The Court criticized what the SEC had said about resource allocation, saying it must do more than claim it has other priorities, and that "at a minimum, it must explain why it is prioritizing other regulatory actions". Similarly the suggestion that the SEC might prefer to move incrementally needed to be explained in much more detail, but the SEC's explanation was "conclusory".
The concurring opinion by Justice Bibas offers an analysis of the tensions between existing securities regulations and the novel aspects of blockchain technology and crypto assets.
Some great quotes from this opinion include:
Nearly a century ago, Congress created the SEC to serve as a watchdog for securities markets, including by developing rules.
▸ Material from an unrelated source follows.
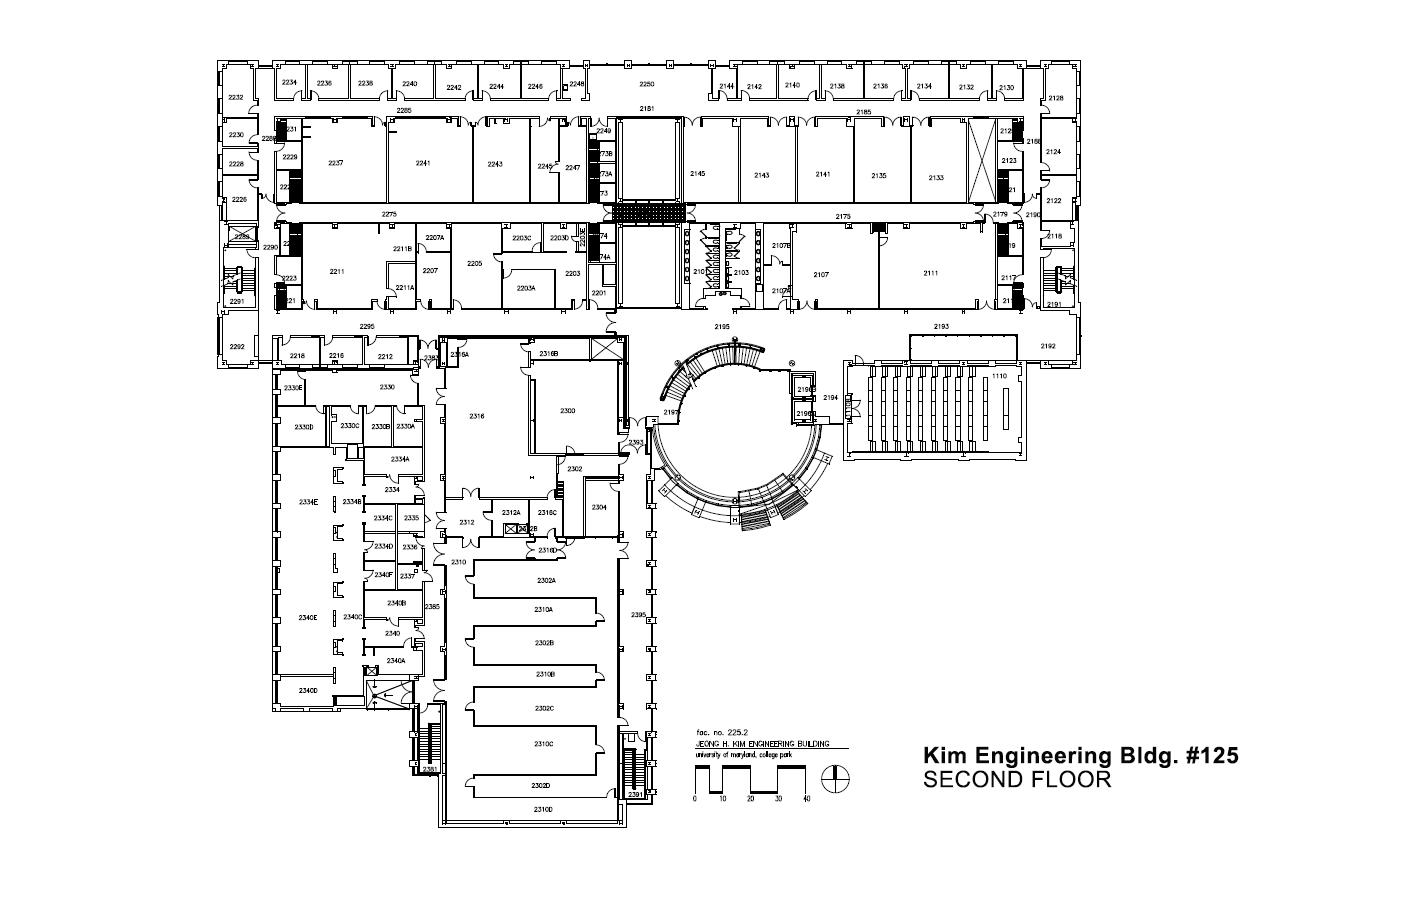 Pet Engineering Schematics Wow Electrical Wiring Diagrams Heyer Building Schematic Circuit And Diagram Hub U2022

The SEC insists that its old rules apply to the novel crypto market but refuses to spell out how.
old regulations fit poorly with this new technology, and its enforcement strategy raises constitutional notice concerns.
...some crypto assets could be securities in infancy and something else in adulthood. But...classifying them as securities could strangle them in their cribs.
At oral argument in this very case, the SEC’s lawyer refused to say whether Bitcoin and Ether are securities... [t]hat evasivenessis puzzling.
The SEC repeatedly sues crypto companies for not complying with the law, yet it will not tell them how to comply. That caginess creates a serious constitutional problem; due process guarantees fair notice...
No victims are evident, yet the agency keeps seeking penalties. It targets not just fraudsters, but also the infrastructure on which much of the crypto industry relies.
Finding and Remedy
As such, the Court found for Coinbase, but did not go so far as to order the SEC to engage in rule-making, as that would only occur in "the rarest and most compelling of circumstances" and instead ordered that the SEC provide a sufficiently reasoned rejection of Coinbase's petition, with Justice Bibas saying firmly:
We properly remand to the SEC to explain itself; it should not give yet another poor explanation in an already-long line of them
What does this mean?
Now the SEC must come up with a much lengthier and better reasoned basis for it's rejection of Coinbase's petition for rule-making.
It would seem that all the effort and money spent on this litigation could have funded sensible rule-making by the SEC (possibly several times over) but given the overt hostility the SEC has shown towards the cryptocurrency sector, we would expect the SEC to simply follow the orders of the court and provide more detail for its reason, and Coinbase may again seek to appeal that if they are dissatisfied with the outcome. It remains to be seen whether personnel changes at the SEC following the Trump inauguration will impact the SEC’s approach in dealing with the matter.
If all this seems a bit academic, it is worth remembering that administrative law, the body of law that deals with whether government agencies are doing their jobs, is inherently focused on the process and is not usually an inquiry into what the outcome of an agency's decision should be. Government agencies are granted great discretion in applying their limited resources to different priorities, and Courts have historically given a great deal of deference to that discretion.